A year later, they've blown through their budget and migration timeline with no end in sight:

"We are now well over a year in. The funding has all been used up a long time ago. We are not remotely done and nobody is happy. We have used the budget for last year and this year on the migration which was supposed to be used on replatforming some of our apps."

This is the reality of betting your data platform on immature tools.

When "Enterprise Ready" Isn't

Microsoft Fabric is Microsoft's latest attempt to unify their data offerings. It's been out for about a year and a half, and despite heavy marketing to the enterprise, it's effectively still in beta. The comments on these Reddit posts tell the story:

"Pretty sure this is how most Microsoft tool lifecycles go. It's released to the public broken, users essentially opt in to a beta release that's not labelled as such find their bugs, in a few years the product will be ready to handle large production systems and then they'll drop all support for it with the newest shiny tool."

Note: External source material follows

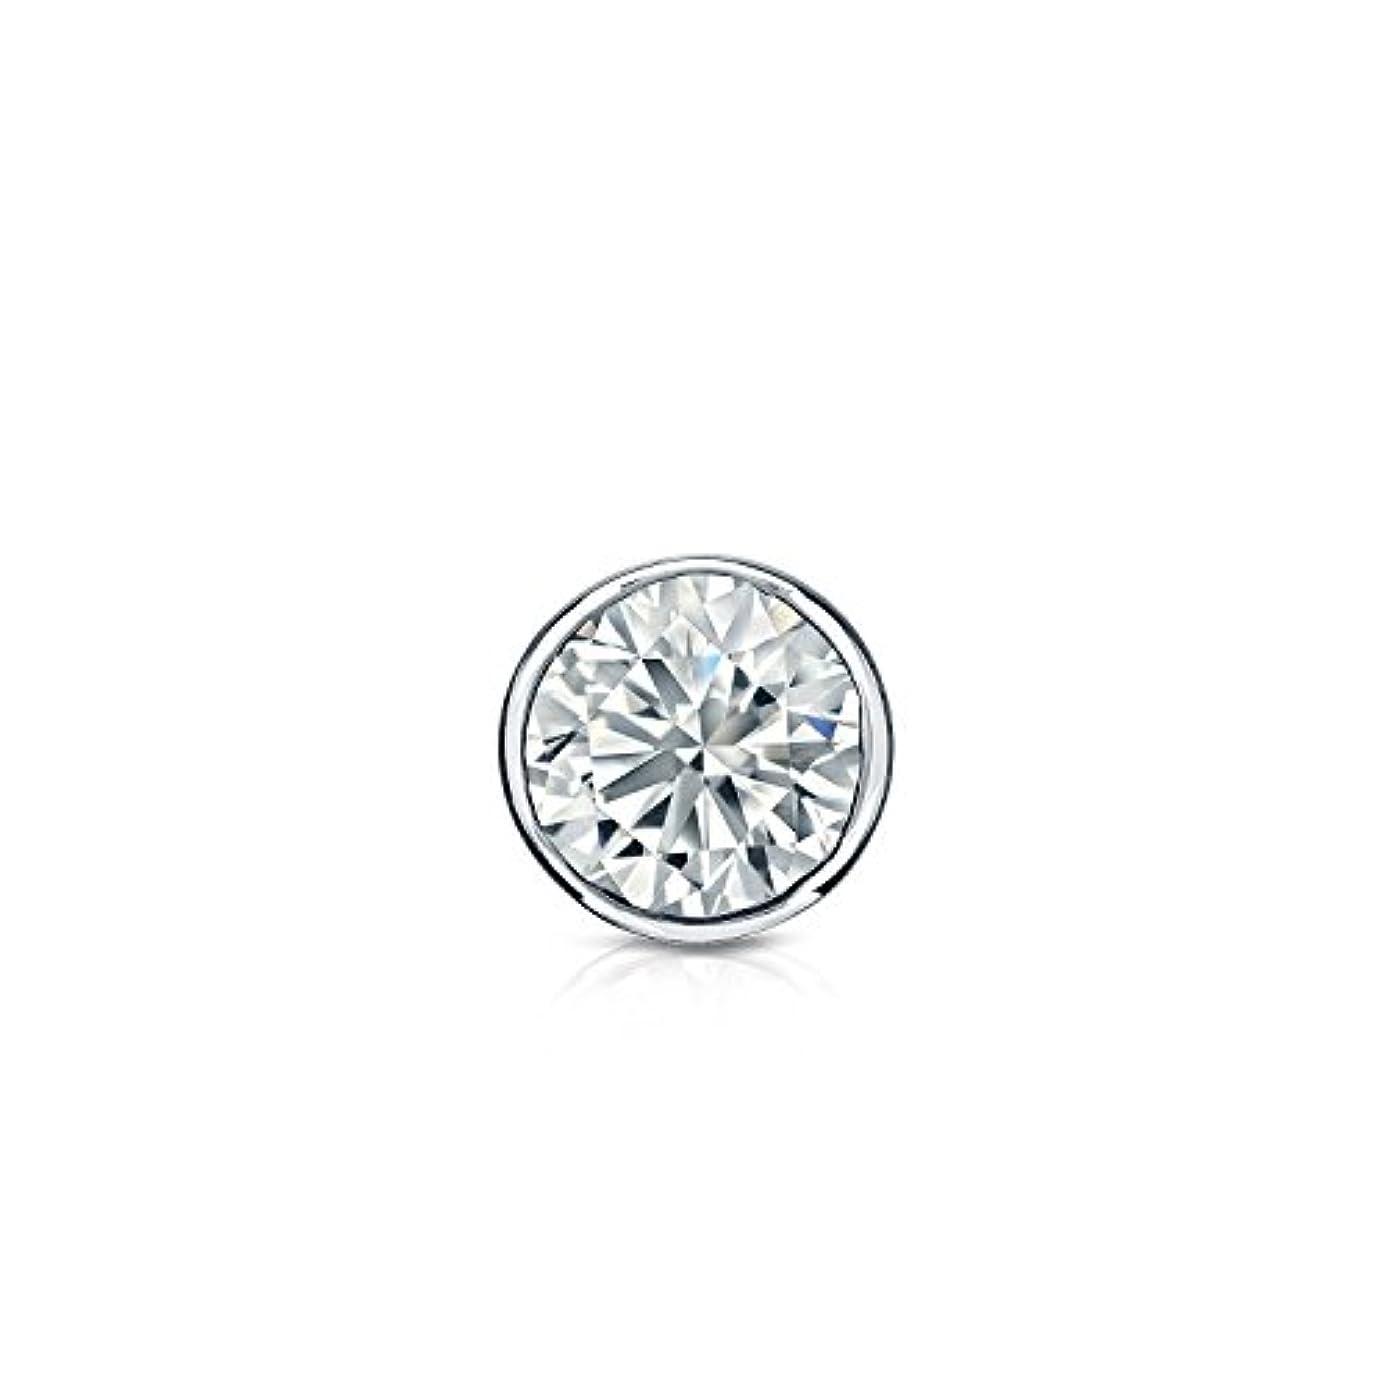 アプト兄レギュラー14 KホワイトゴールドメンズラウンドダイヤモンドSimulant CZベゼルスタッドイヤリング( 1 / 8 – 1カラット、優れた品質)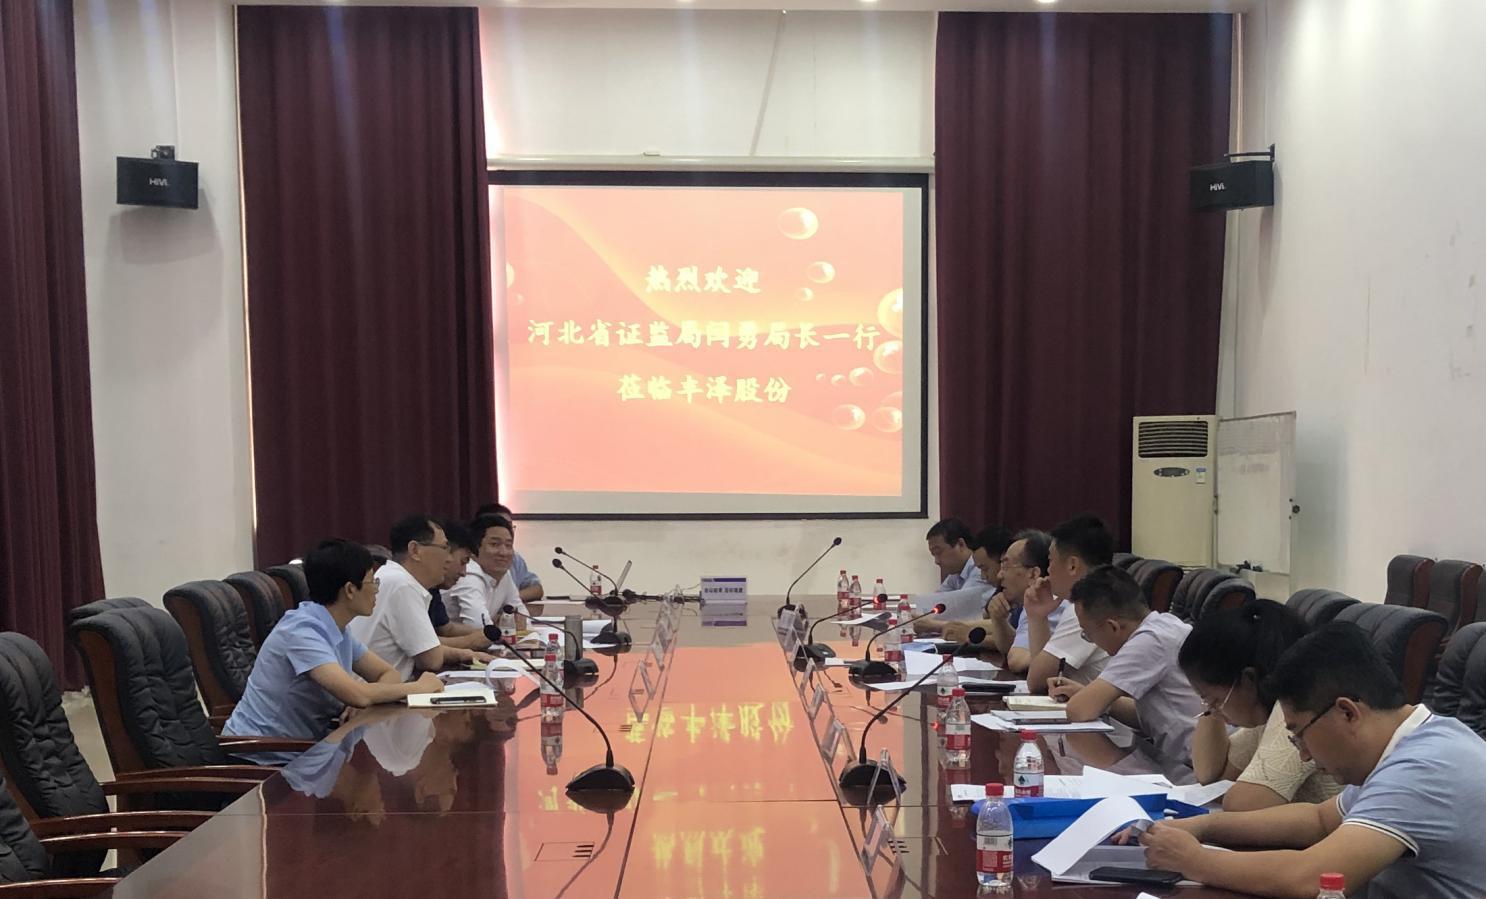 河北省证监局党委书记、局长闫勇到戒赌吧去哪里了股份考察调研

"I've worked some with fabric and it just all round seems unfit for production systems. Give it a few years and it'll get there but it's just not a mature product."

Every data platform engineer who's evaluated Fabric has concluded the same thing: it's not ready for prime time. One commenter noted that Fabric "doesn't have the width of Databricks but also not the simplicity of Snowflake. It simply doesn't do anything it's claiming better than any other vendor."

Yet Microsoft continues to aggressively promote it, even converting Power BI Premium licenses to Fabric licenses this summer to force adoption.

Why does this happen? As one commenter put it eloquently:

"Most decision making in those realities is pretty much just a constant attempt to push responsibility outside of the company. Plus you know, Microsoft is fairly good at selling stuff to execs. They know the language, so to speak."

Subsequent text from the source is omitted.